The historical simulation for the near-surface air temperature and precipitation is compared to that in the RCP4.5 scenario for the period 2045–2064 by finding the difference between RCP 4.5 scenario mean and the historical climatological mean. To determine the significance of the obtained difference/change, this difference is expressed in number of standard deviations in the historical simulation by dividing the difference with the standard deviation in the historical climatology [26, 27]. The obtained value is then multiplied by √2 to test the significance of the difference between the two means. Statistical significance is measured at the 5% significance level, using two standard deviations as an approximation of the critical value for a two-tailed t test [26, 27]. The formulae used in these analyses are given below:

$${\text{Ave}}\,{\text{change }} = {\text{RCP}}\,4.5\,{\text{ ave}} - {\text{HIST}}\,{\text{ave}}$$
(1)
$${\text{Variability}} = \frac{{{\text{RCP}}\,4.5\,{\text{ ave}} - {\text{HIST}}\,{\text{ave}}}}{{{\text{HIST}}\,{\text{STD}}}}$$
(2)

where Ave = average, HIST = historical and STD = standard deviation.

2.2.2 GeoMIP G5—RCP 4.5 scenario

The projected influence of GeoMIP G5 on RCP 4.5 scenario for the near-surface air temperature and precipitation is analysed by finding the difference between their average in RCP 4.5 scenario and their average in GeoMIP G5 in the period 2045–2064. The precipitation data are also analysed by finding the percentage difference between the RCP4.5 scenario and the GeoMIP G5 experiment. The formulae used for these analyses are given as Eqs. 3 and 4. The statistical significance of a change in temperature or precipitation is found by comparison with internal variability. The internal variability is estimated by calculating the standard deviation of non-overlapping 20-year means from the last 500 years of a 1000-year preindustrial control run [26, 27]. This captures the low-frequency climate variability, and the 20-year means give sufficient mean values up to 25 to constrain the uncertainty of the calculated standard deviations. To test the significance of the difference between two means, the internal variability is multiplied by √2. Statistical significance is measured at the 5% significance level, using two standard deviations as an approximation of the critical value for a two-tailed t test.

$${\text{Ave}}\,{\text{change}}\_{\text{G}}5 = {\text{G}}5\,{\text{ ave}} - {\text{RCP}}4.5\,{\text{ ave}}$$
(3)
$${\text{Percentage}}\,{\text{change}} = \frac{{{\text{G}}5\,{\text{ ave}} - {\text{RCP}}4.5\,{\text{ ave}}}}{{{\text{RCP }}4.5\,{\text{ ave}}}} \times 100$$
(4)
$${\text{Variability}}\_{\text{PiCtrl}} = \frac{{{\text{G}}5 \,{\text{ave}} - {\text{RCP}}4.5 \,{\text{ave}}}}{{{\text{PiCtrlSTD}}}}$$
(5)

where PiCtrl = preindustrial control and PiCtrlSTD = standard deviation in the preindustrial control.

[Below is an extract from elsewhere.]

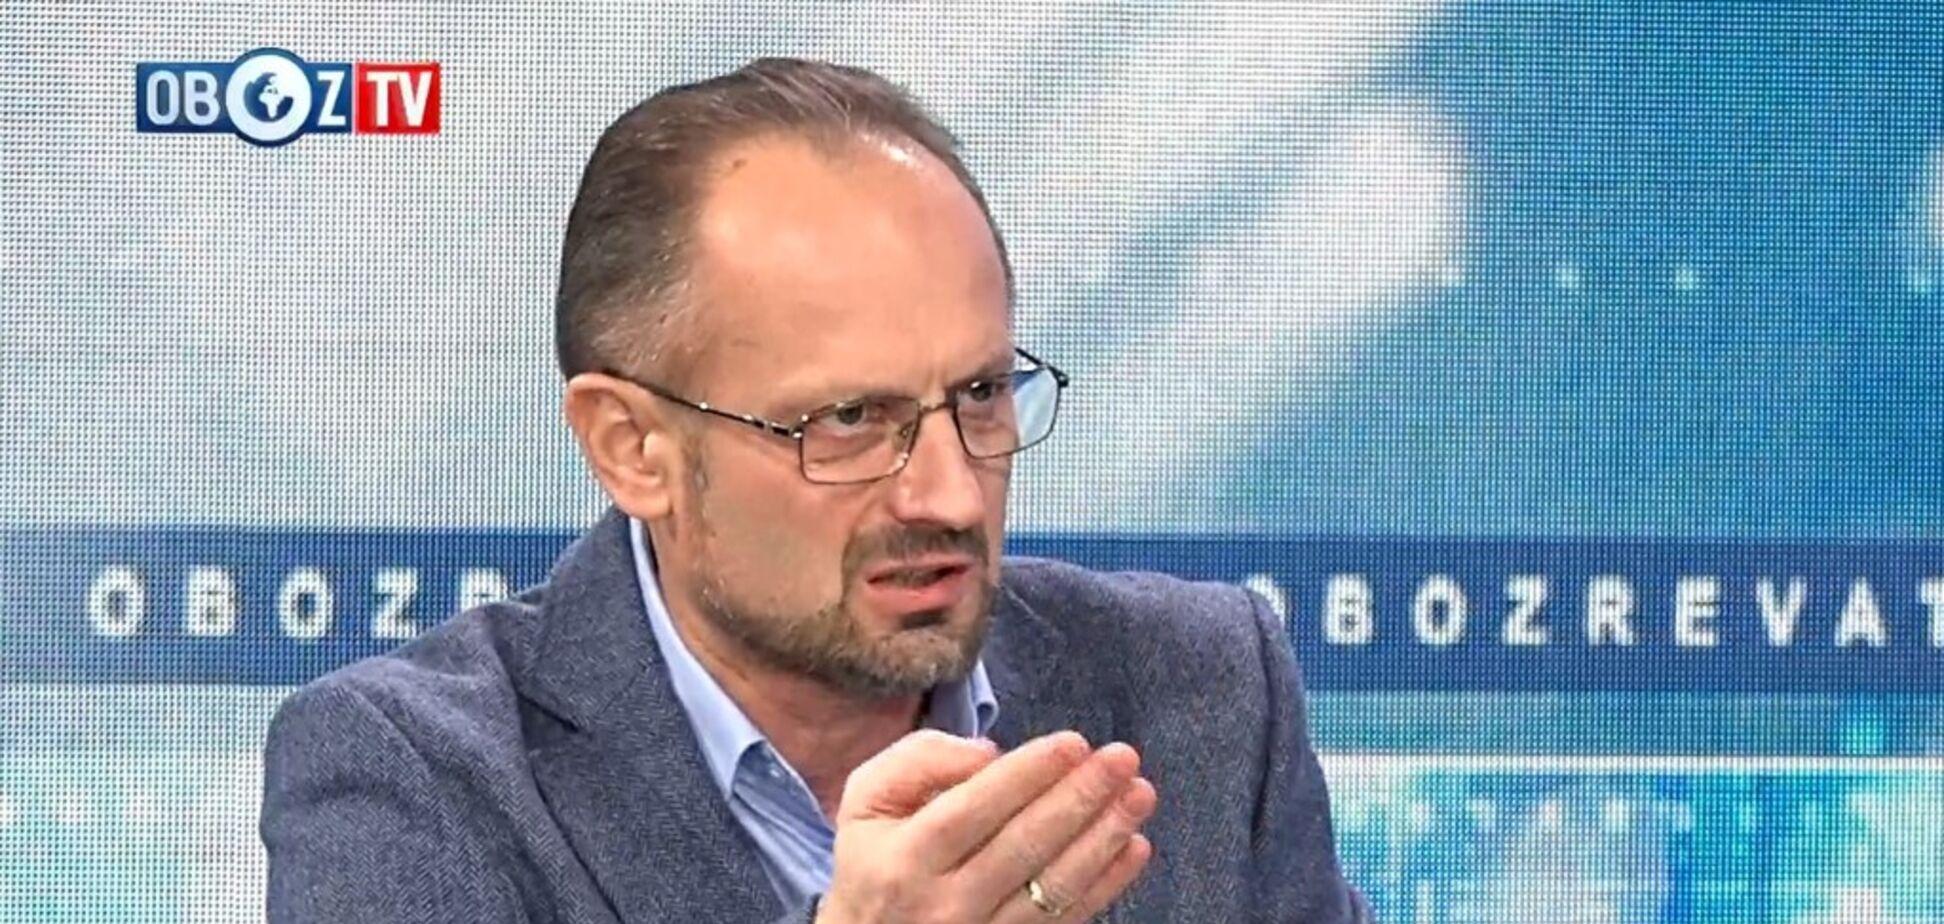 Різдвяне перемир'я на Донбасі вже стало традицією: Роман Безсмертний
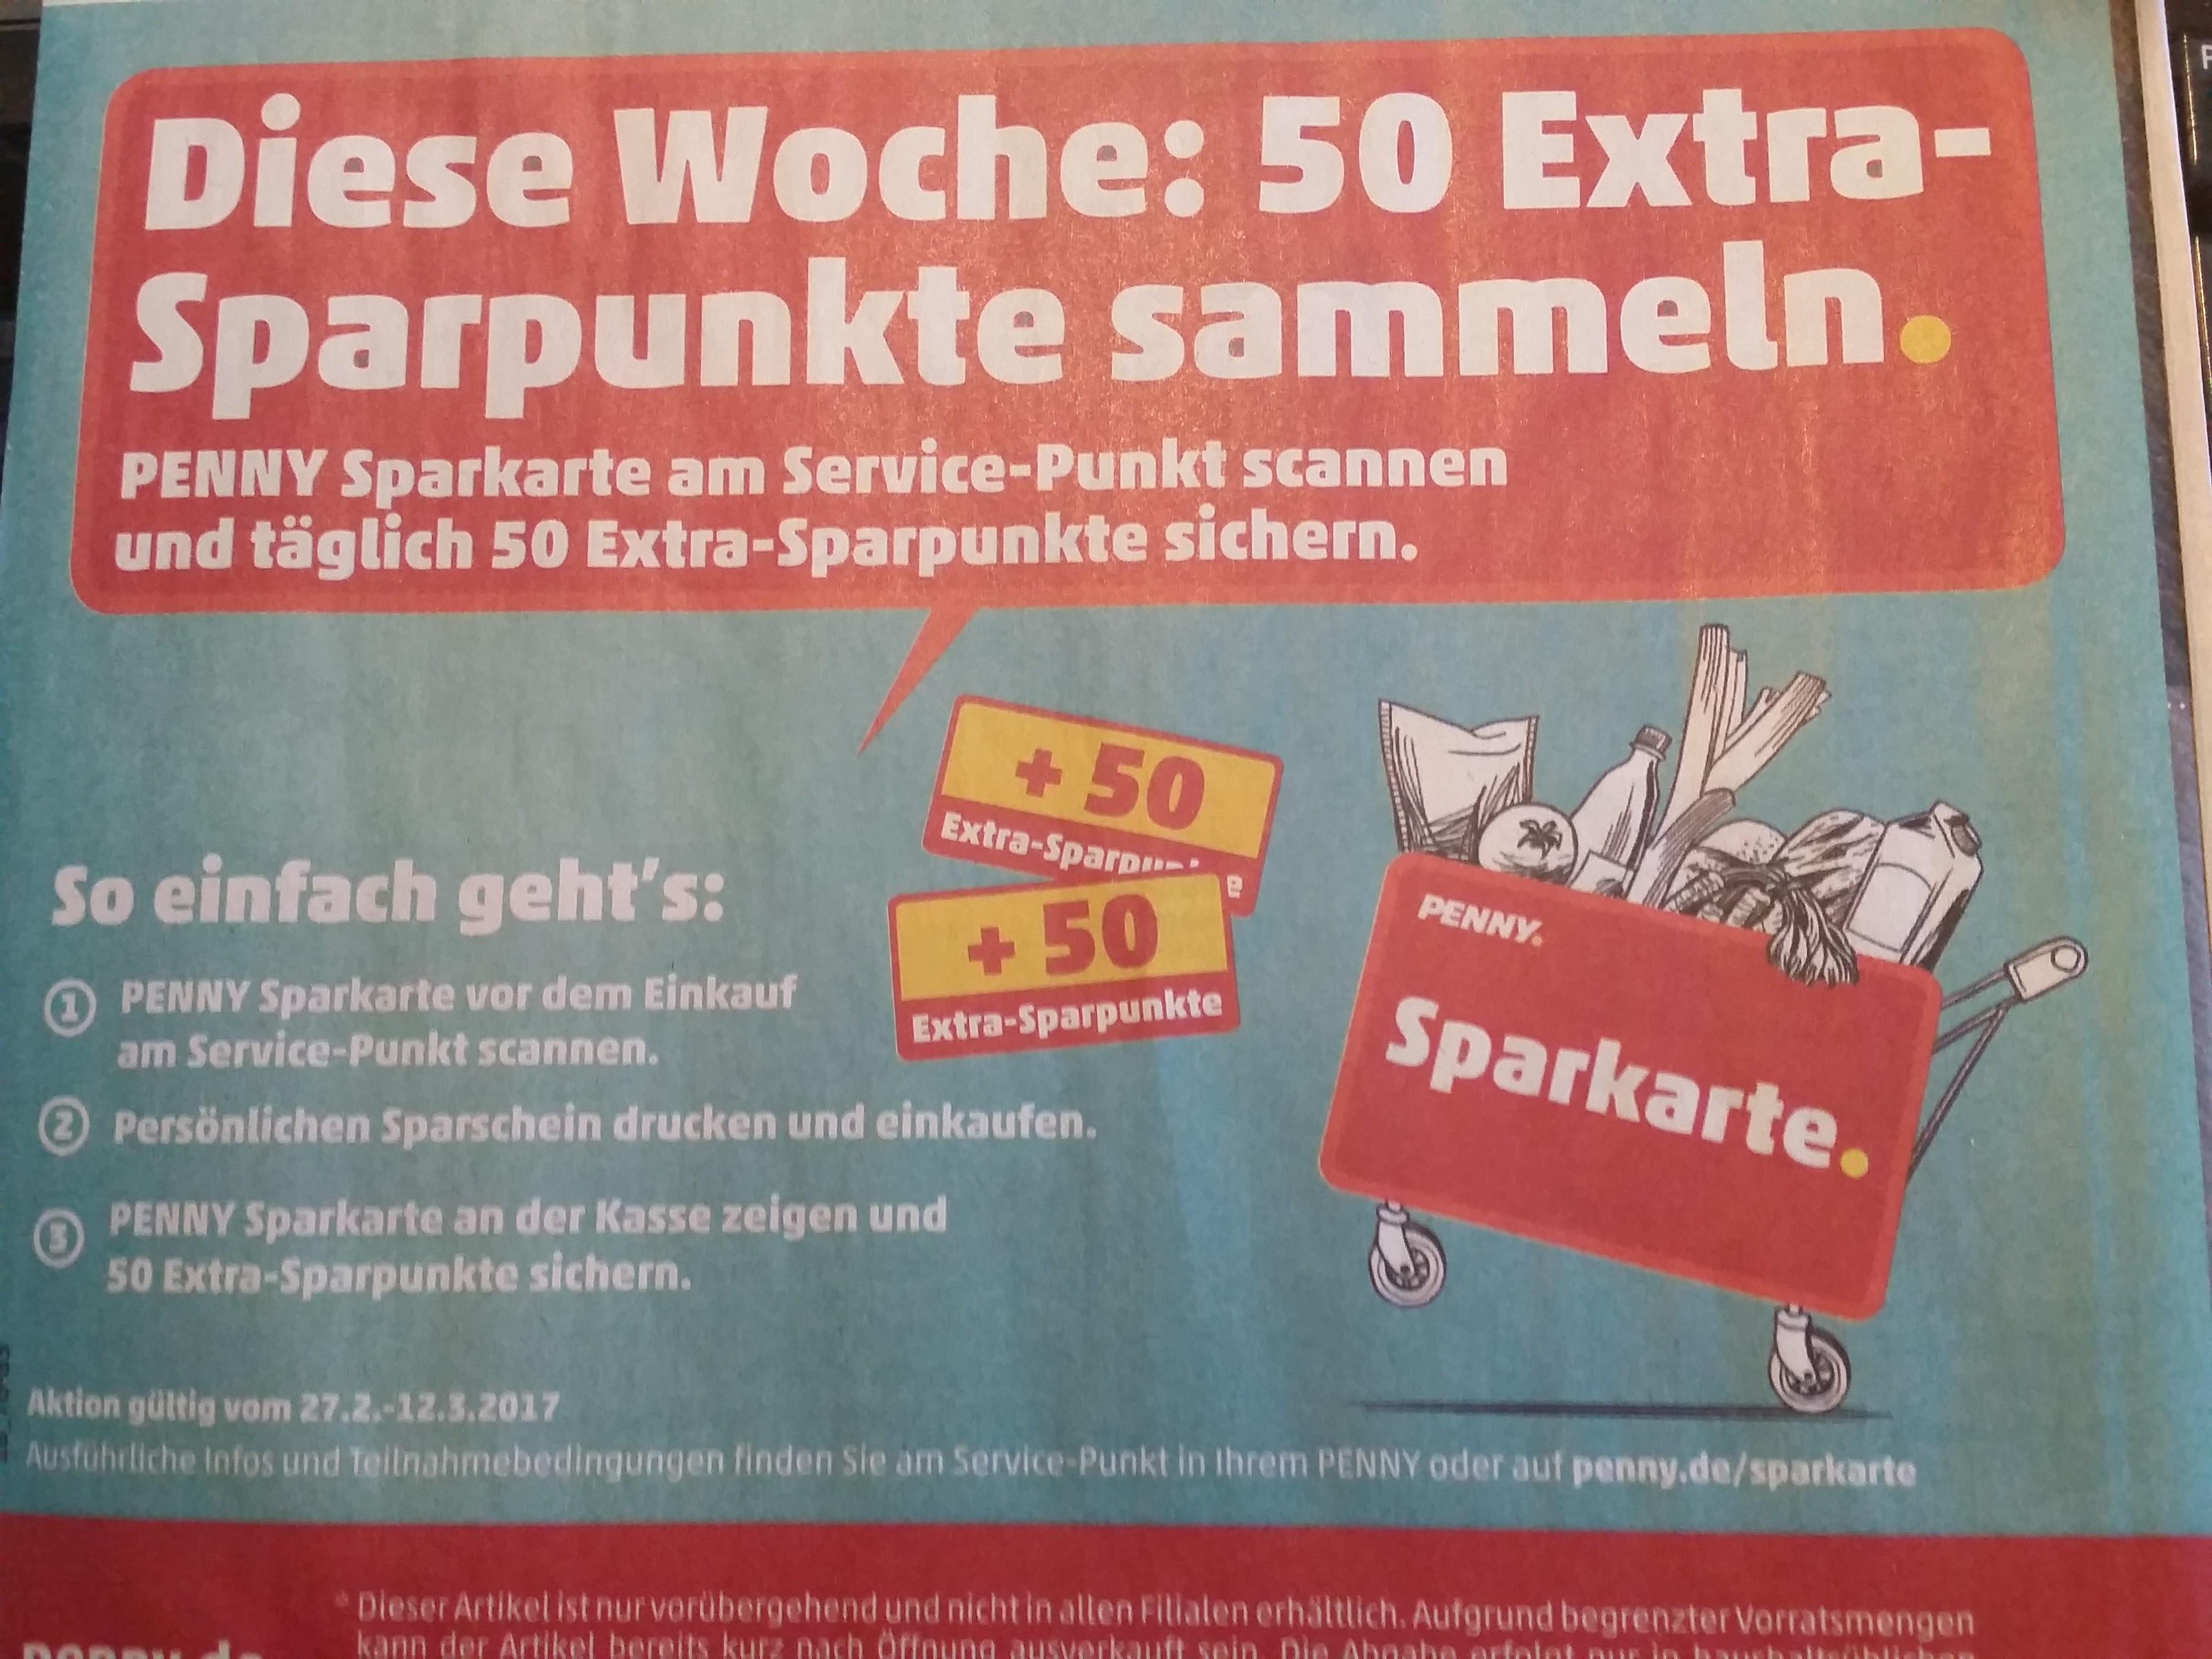 Penny Sparkarte täglich 50 Extra Sparpunkte sammeln [Lokal Nur im Raum Ettlingen / Kempten /Günzburg / Augsburg / Kaufbeuren]

2.2.3 GeoMIP G5—historical climatology (effectiveness)

The historical data for the near-surface air temperature and precipitation are compared to that in the GeoMIP G5 experiment for the period 2045–2064 by finding the difference between GeoMIP mean and the historical mean, and these differences are also expressed in number of standard deviation of the historical data by dividing their difference with the standard deviation of the historical climatology following Crook et al. [26]. Equation 6 is used for this analysis.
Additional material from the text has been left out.